Woodworking Tool News - Rockler Multi-Function T-track Tabletop - Woodworking Tools - American Woodworker


----------



## greenacres2 (Dec 23, 2011)

Well, it looks like a good idea. At $230 I could buy 150 bf of wormy maple. And, if I had one--the t-tracks would be an inch too far apart or on inch too close together for anything I was working on. At least it seems like that's always how it turns out...

earl


----------



## Dmeadows (Jun 28, 2011)

greenacres2 said:


> Well, it looks like a good idea. At $230 I could buy 150 bf of wormy maple. And, if I had one--the t-tracks would be an inch too far apart or on inch too close together for anything I was working on.

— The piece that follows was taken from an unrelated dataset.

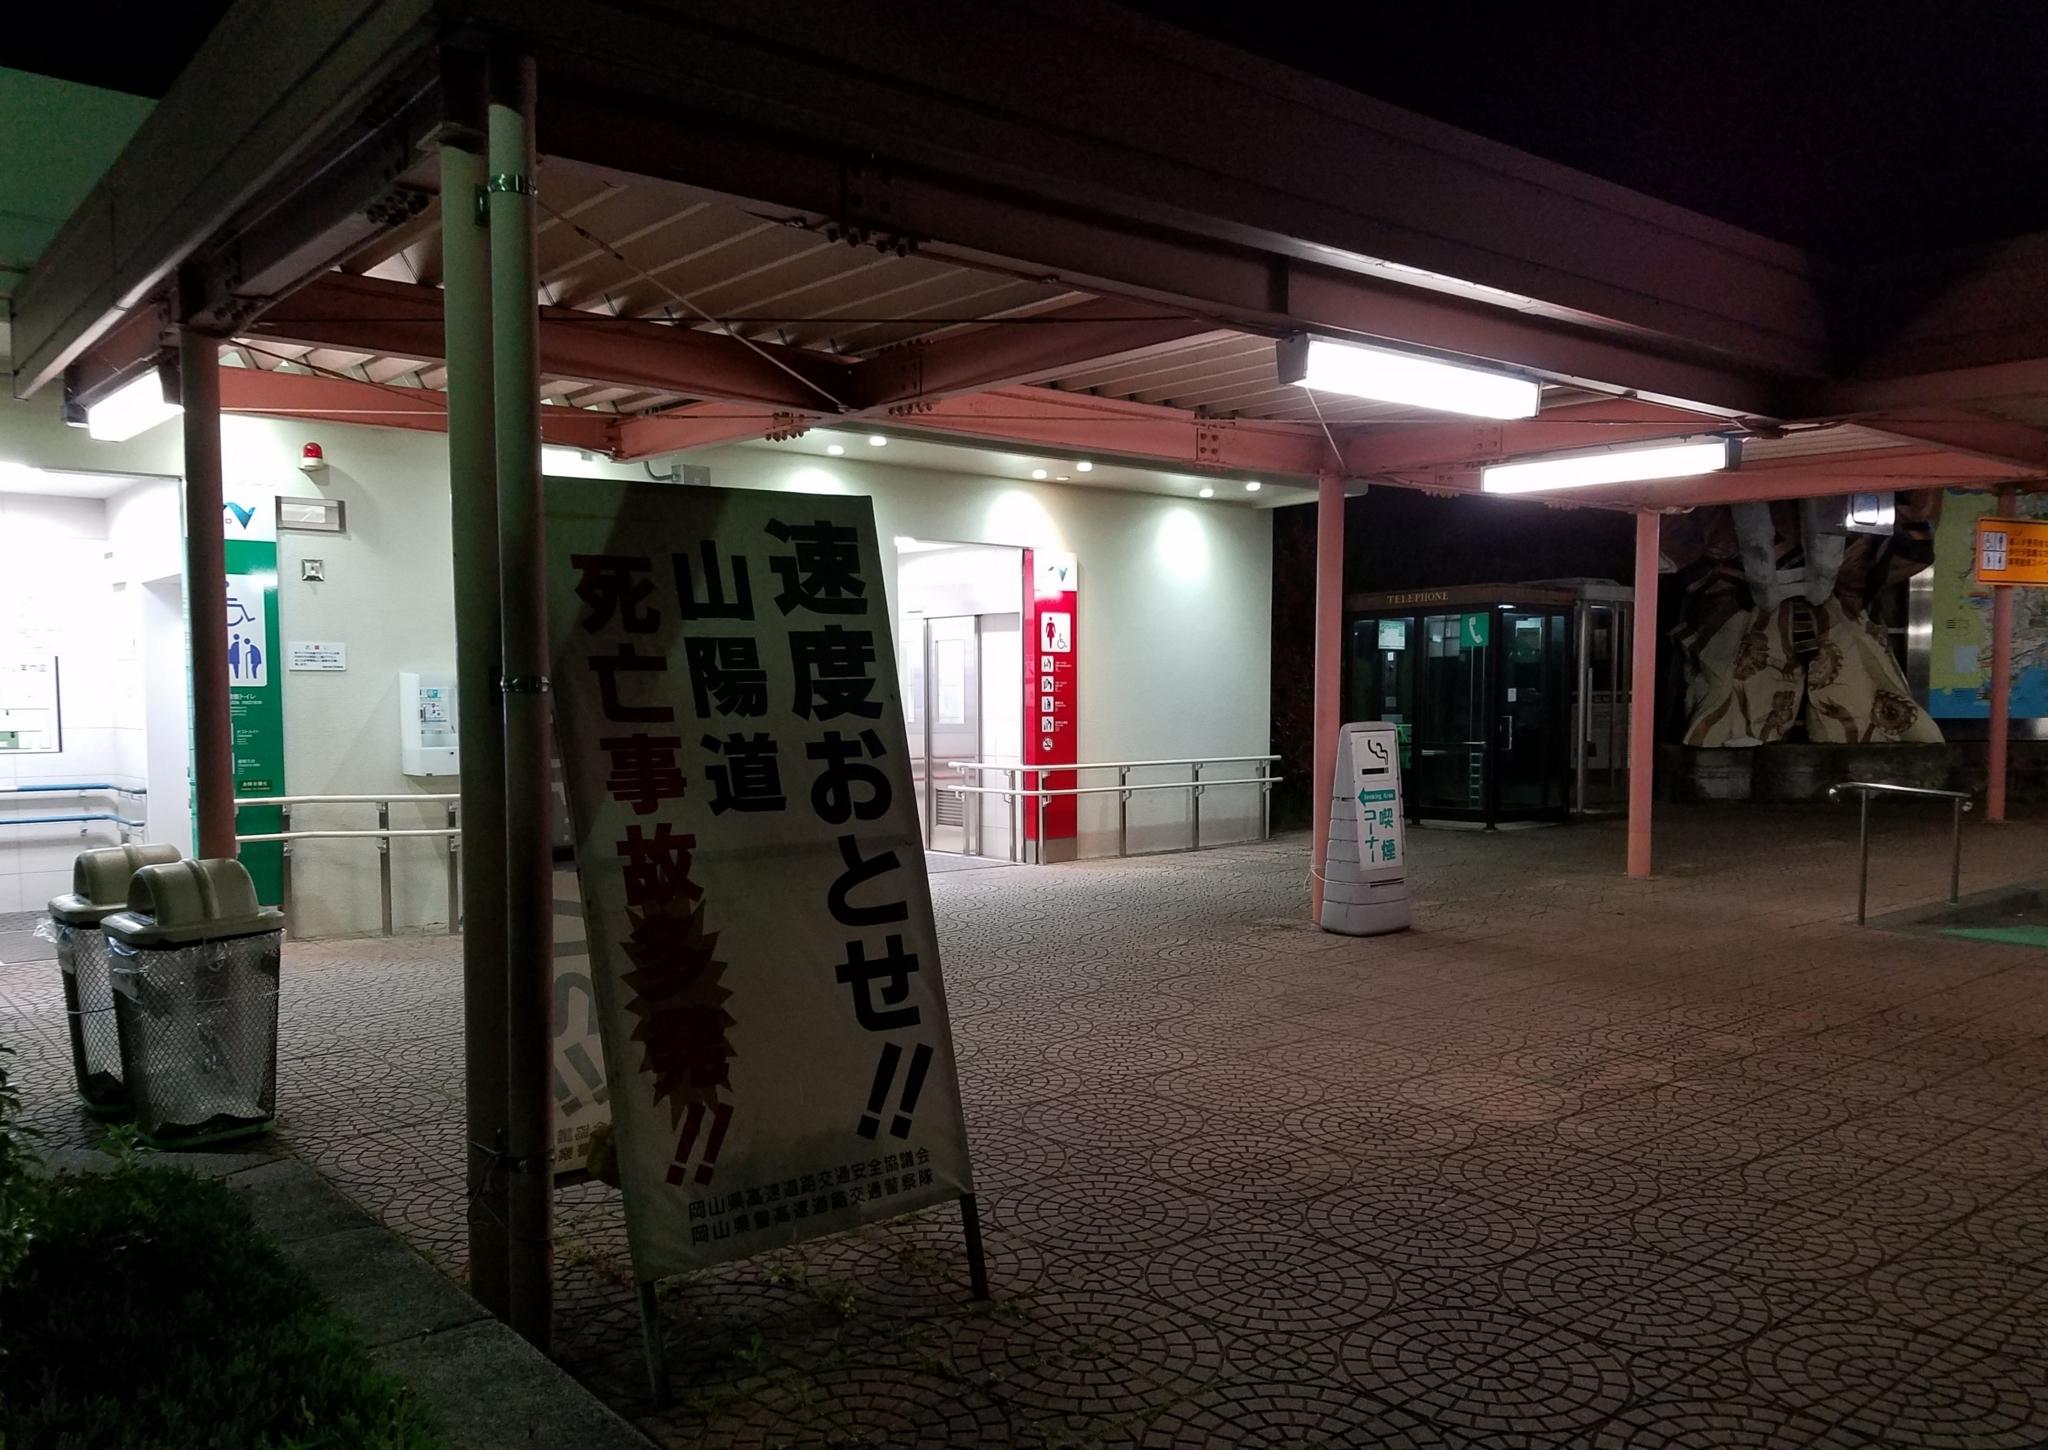 f:id:ToshUeno:20170503015517j:plain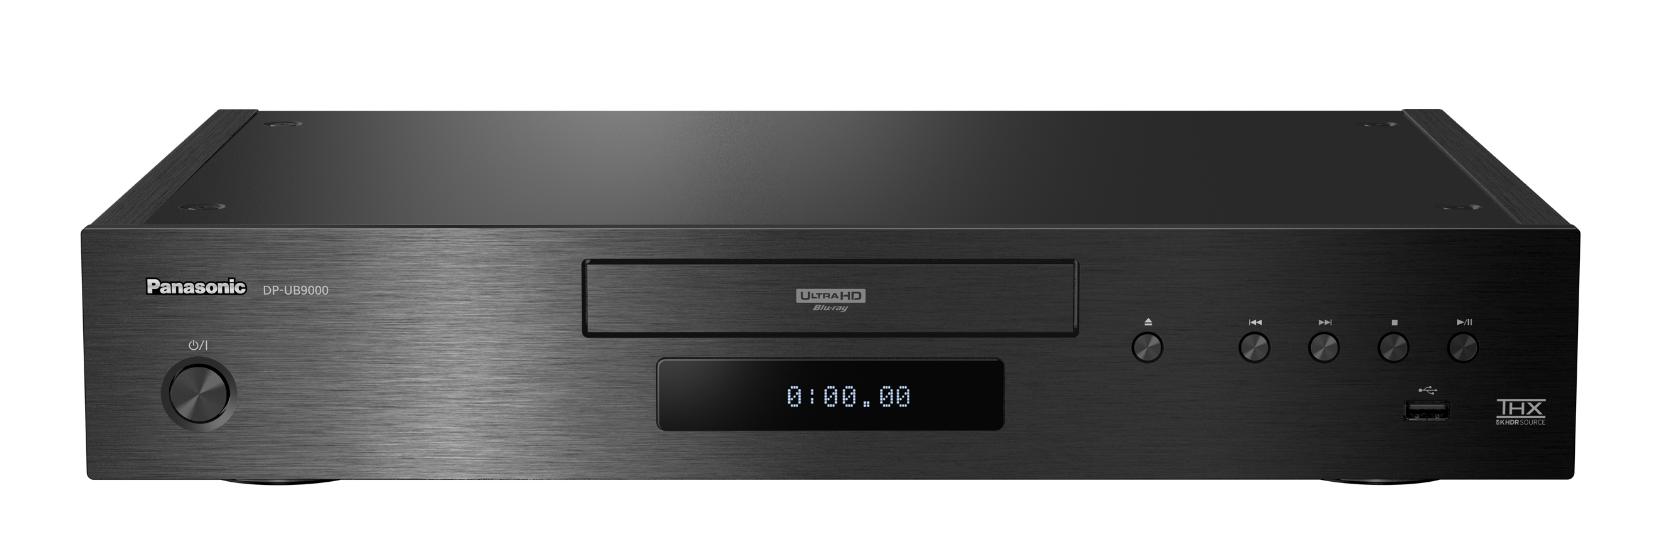 Panasonic Dp Ub9000 4k Uhd Bluray Player In Stock Now Panasonic Rio Sound And Vision

At least it seems like that's always how it turns out...
> 
> earl


Yeah, have to agree with you, Earl. Been having the same problem with clamps!


----------



## tvman44 (Jun 25, 2013)

They are proud of it.


----------



## WurliTzerwilly (Jun 9, 2013)

Sorry, the link won't open for me!

I would fit either a square miter track or a tee track to any router table. It will allow you to use a sliding miter attachment or feather boards, which can prove very useful.


----------



## JOAT (Apr 9, 2010)

At $229.99 for the top, and $159.99 for the rather lame stand, that's a lot of money. If I were doing work that I wanted something to hold down my wood like that, what I'd do is get a nice solid top, maybe a solid core door, lay out a grid, then drill holes all over it. Then I could put bolts thru the holes, and clamp down whatever. Then with the odd shaped pieces, you'd still be able to get clamps on it. I like overkill, so I'm thinking I would put my holes maybe 4" apart, which would allow putting in more later at 2" apart. And I'd sure make a sturdier looking stand.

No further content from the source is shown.